## The data:
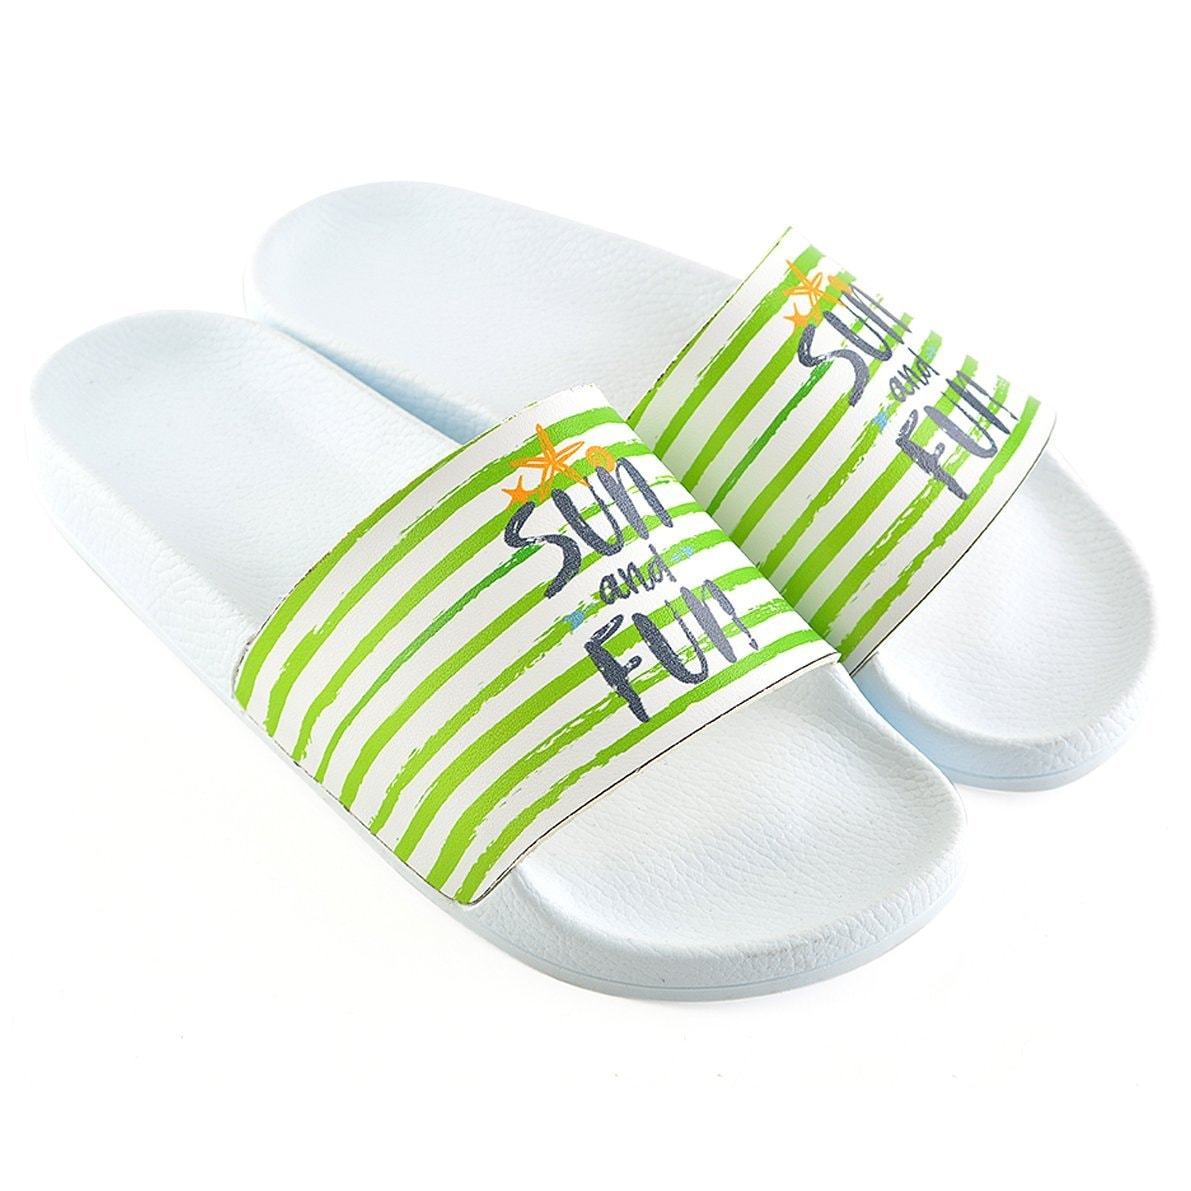 Green and White Striped, Sun and Fun Written Patterned Sandal - CAP108
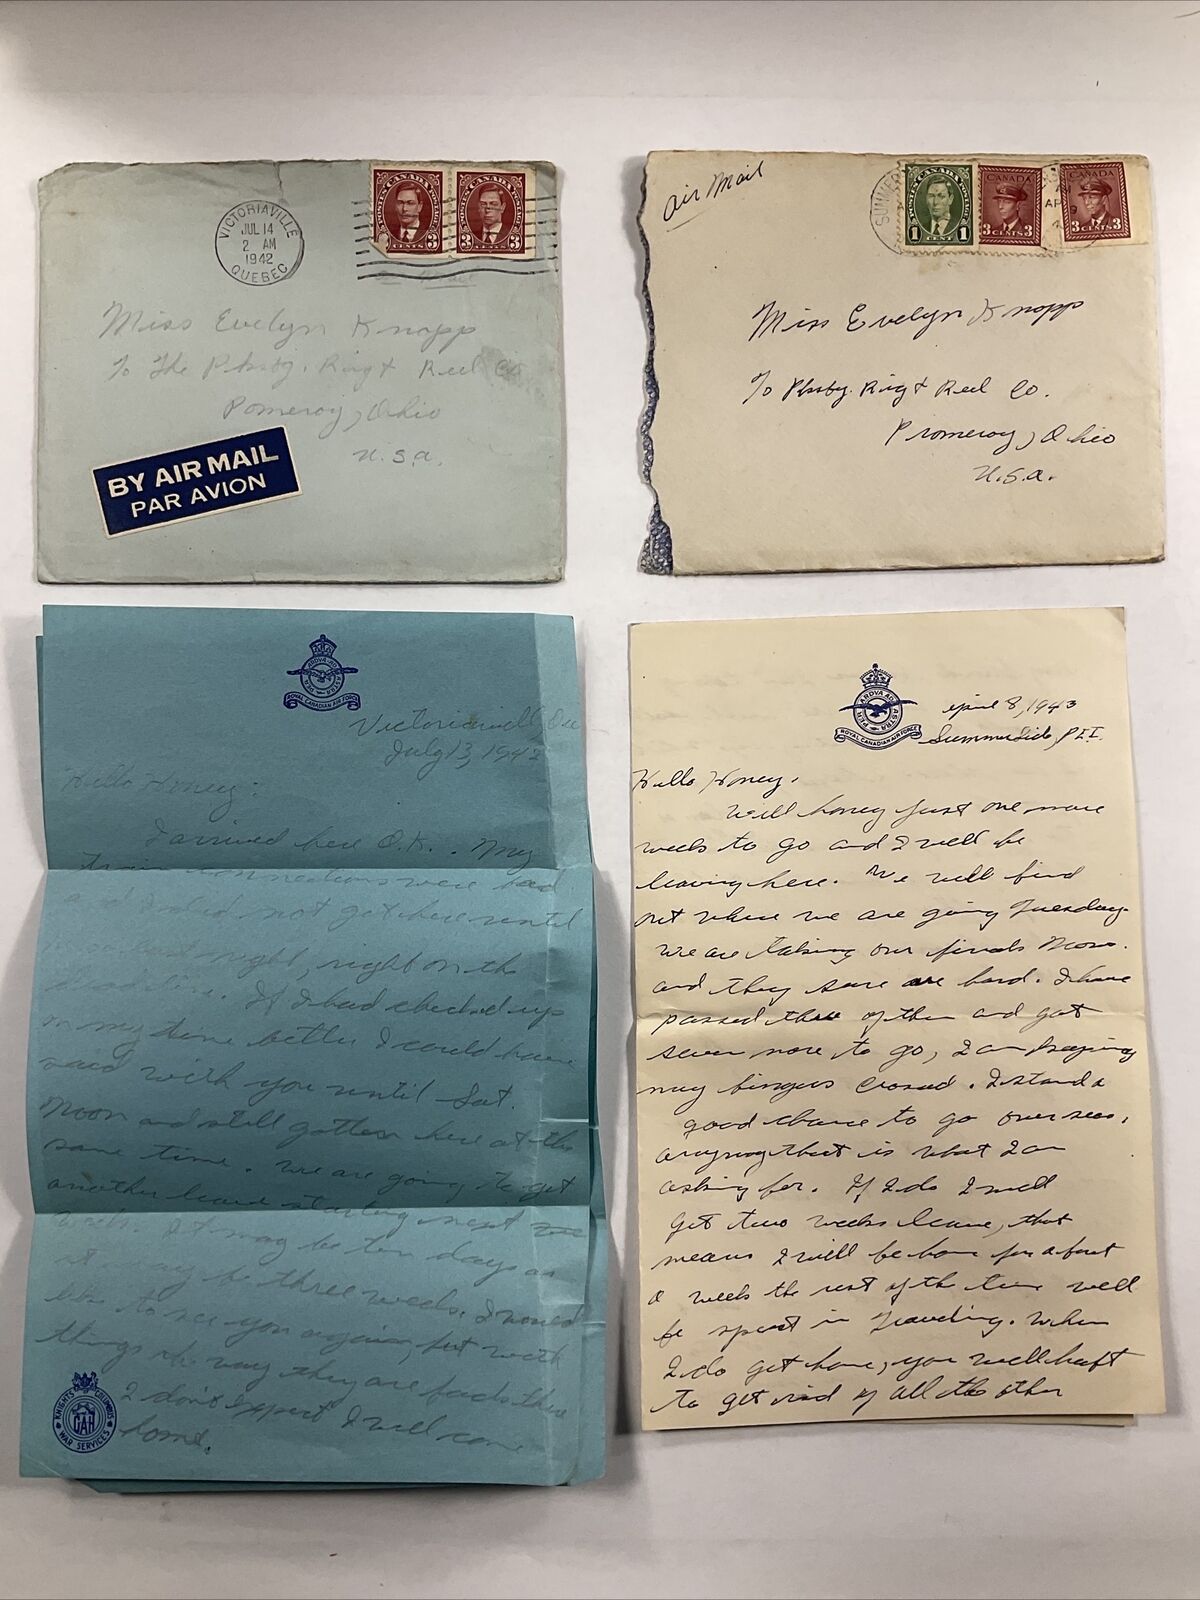 1942 43 2 WWII Letters from Royal Canadian Air Force Soldier to Pomeroy, Ohio
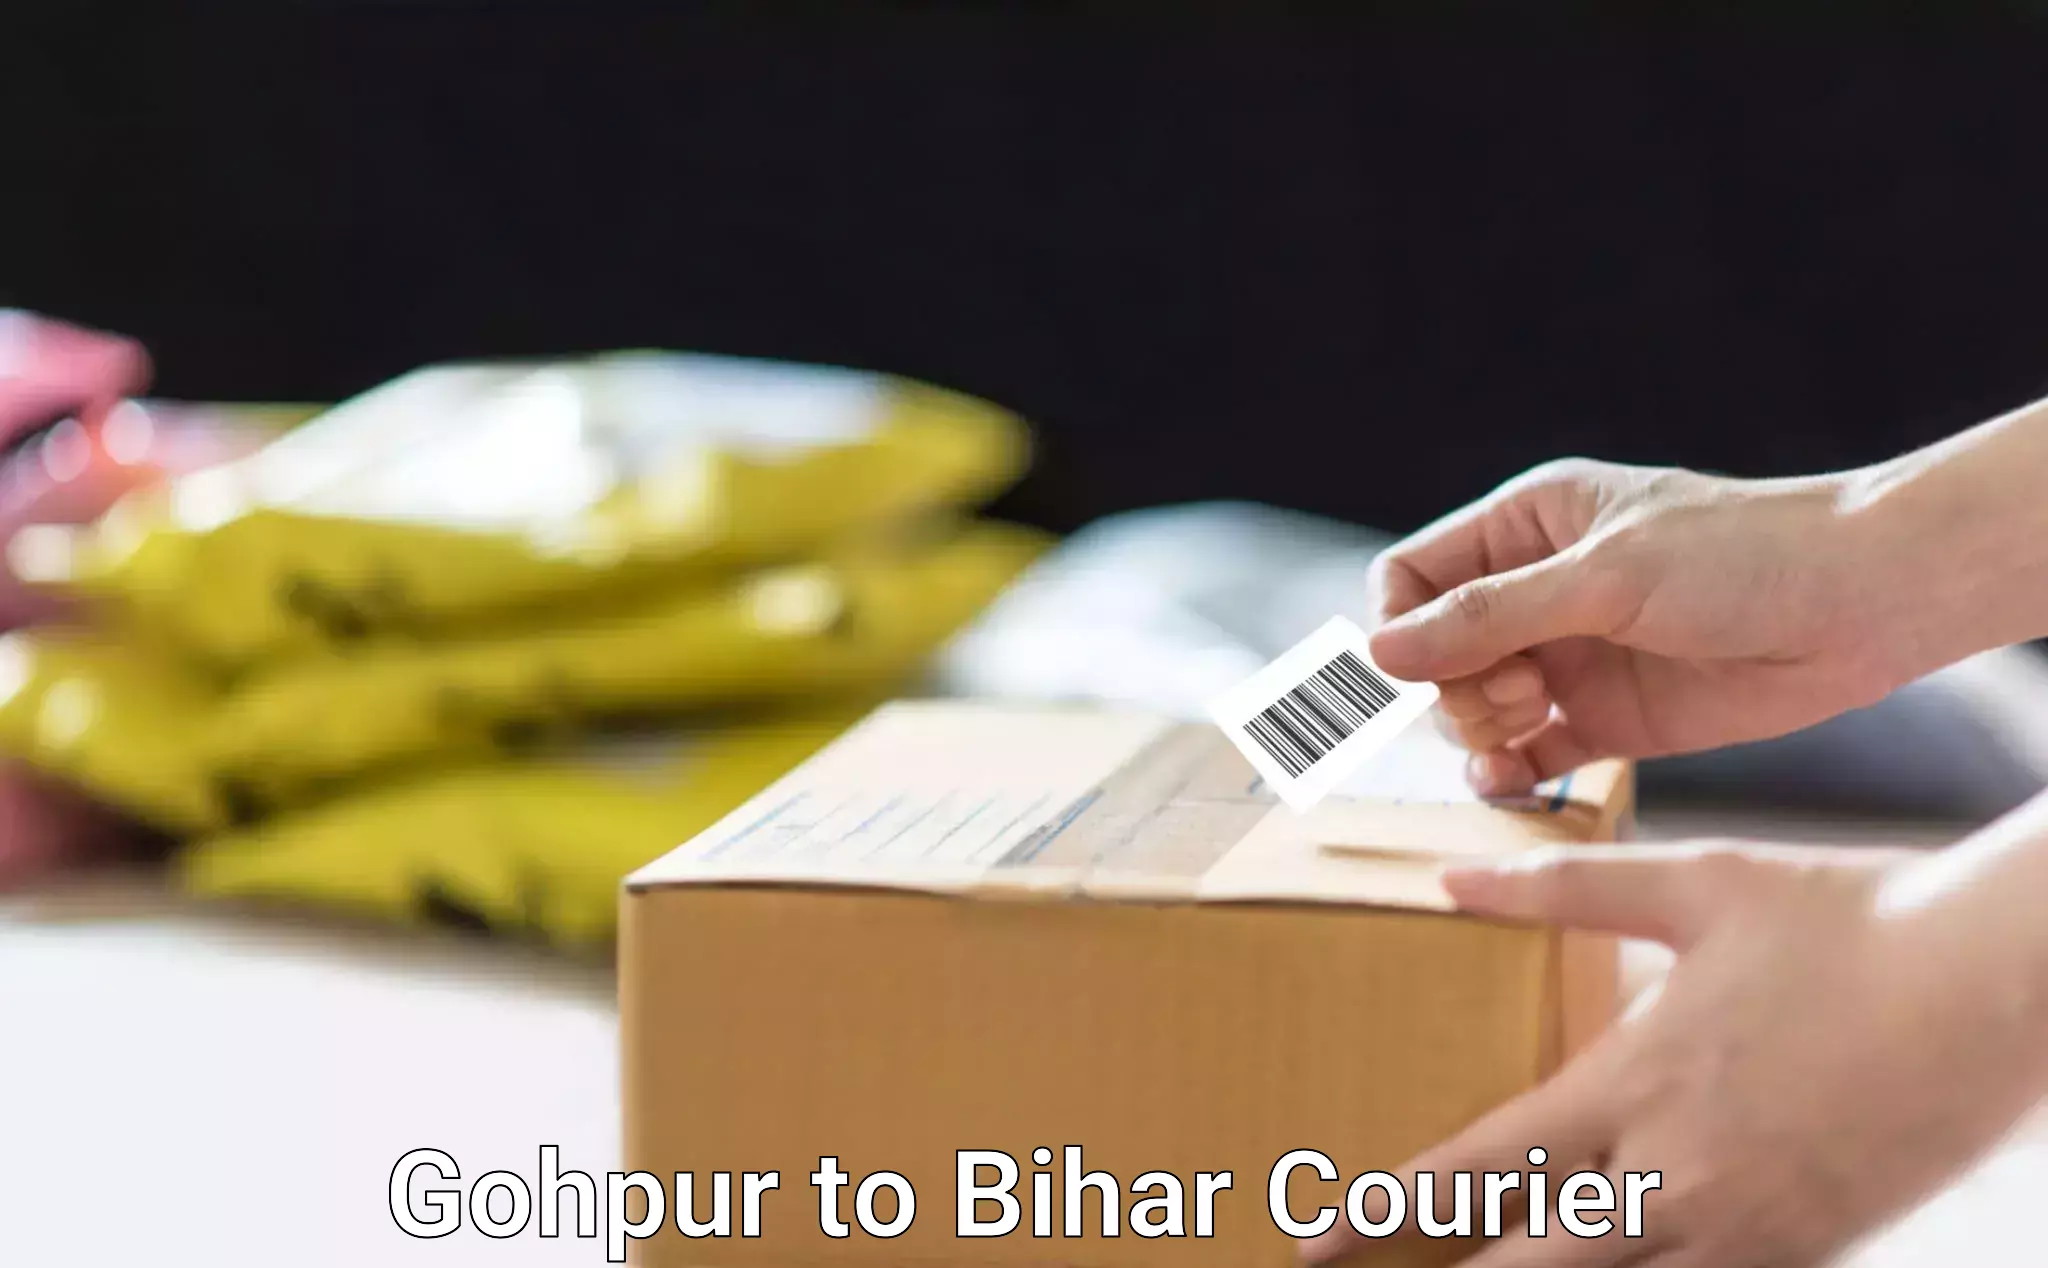 Reliable courier service Gohpur to Mairwa

## Exercise details:
Your task is to retype the listing exactly, without its pictures.

## Task solution:
 Green and White Striped, Sun and Fun Written Patterned Sandal - CAP108
 1942 43 2 WWII Letters from Royal Canadian Air Force Soldier to Pomeroy, Ohio
 Reliable courier service Gohpur to Mairwa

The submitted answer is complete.